LE RAVIN DE HEURTEBISE de Bernard Totot. Editions Le Manuscrit, 2006. 171 pages.
Le titre de ce roman évoque un lieu sauvage et perdu mais l’explication nous est donnée dès les premières pages. En fait c’est un coin des Ardennes apprécié des sangliers, un refuge où la laie Rouf se sent en sécurité avec ses sept petits marcassins : « (...) sous les longues chaînes de clématites enchevêtrées qui pendaient des grands sapins. Elle avait le gîte et le couvert tout près : une coulée conduisait directement au champ de maïs et à l’eau fraîche du ruisseau voisin. » Les chasseurs ardennais n’ignorent rien des habitudes de l’animal emblématique de leur département. Rouf, quant à elle, sait bien qu’il faut se méfier des hommes et des chiens. La suite des événements lui donnera raison quoique le chasseur ne soit pas forcément conforme à l’image reçue.
Bernard Totot a été instituteur et directeur de l’école de Raucourt dans les Ardennes.
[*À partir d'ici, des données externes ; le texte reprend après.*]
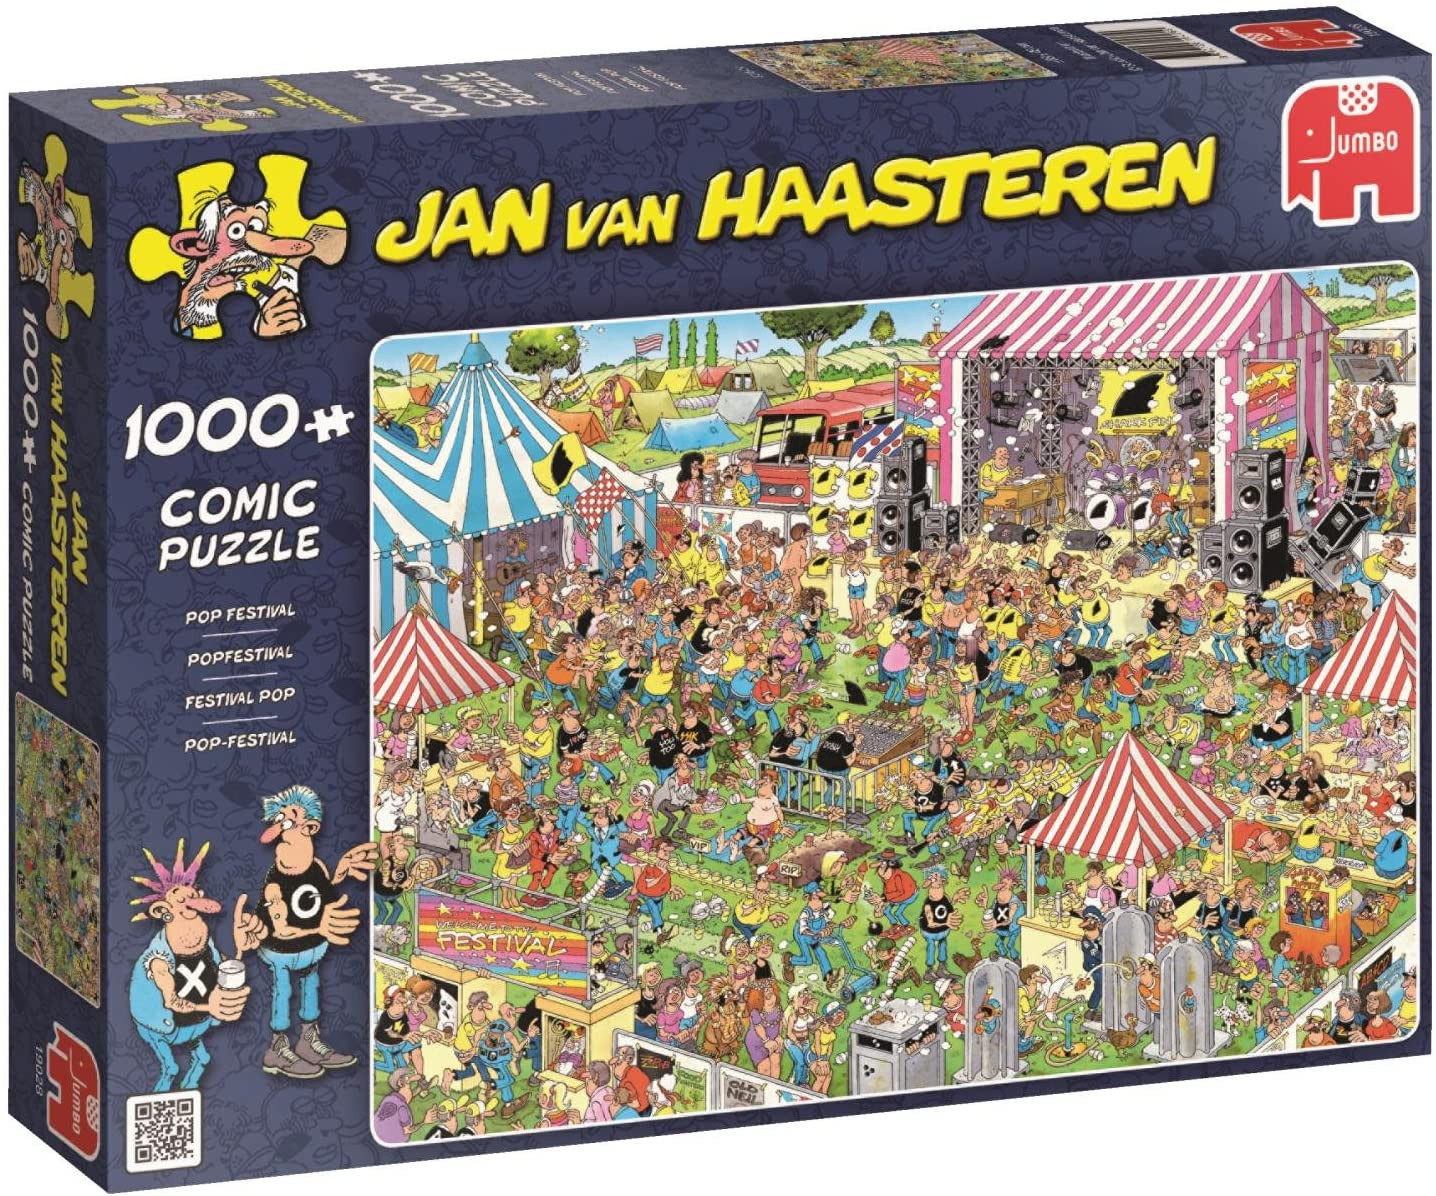 Puzzle 1000 pzs. Jan van Haasteren, Pop Festival

Chasseur et pêcheur respectueux de la nature, il est également taxidermiste. LE RAVIN DE HEURTEBISE fait songer aux romans de Louis Pergaud ou de Maurice Genevoix. A la page 68, Antoine, sauveur du cochon sauvage justement, est d’ailleurs comparé à Raboliot.
Nous sommes donc plongés au cœur de la nature ardennaise présente dès le titre, au cœur d’une forêt brusquement ravagée par la tempête du siècle dernier obligeant les animaux à contourner le fatras indescriptible des arbres déracinés pour trouver leur nourriture et s’abreuver. Les petits marcassins de Rouf ne survivent pas mais Roufy, issu d’une autre portée est élevé à la ferme d’Antoine où se déroule l’essentiel des événements.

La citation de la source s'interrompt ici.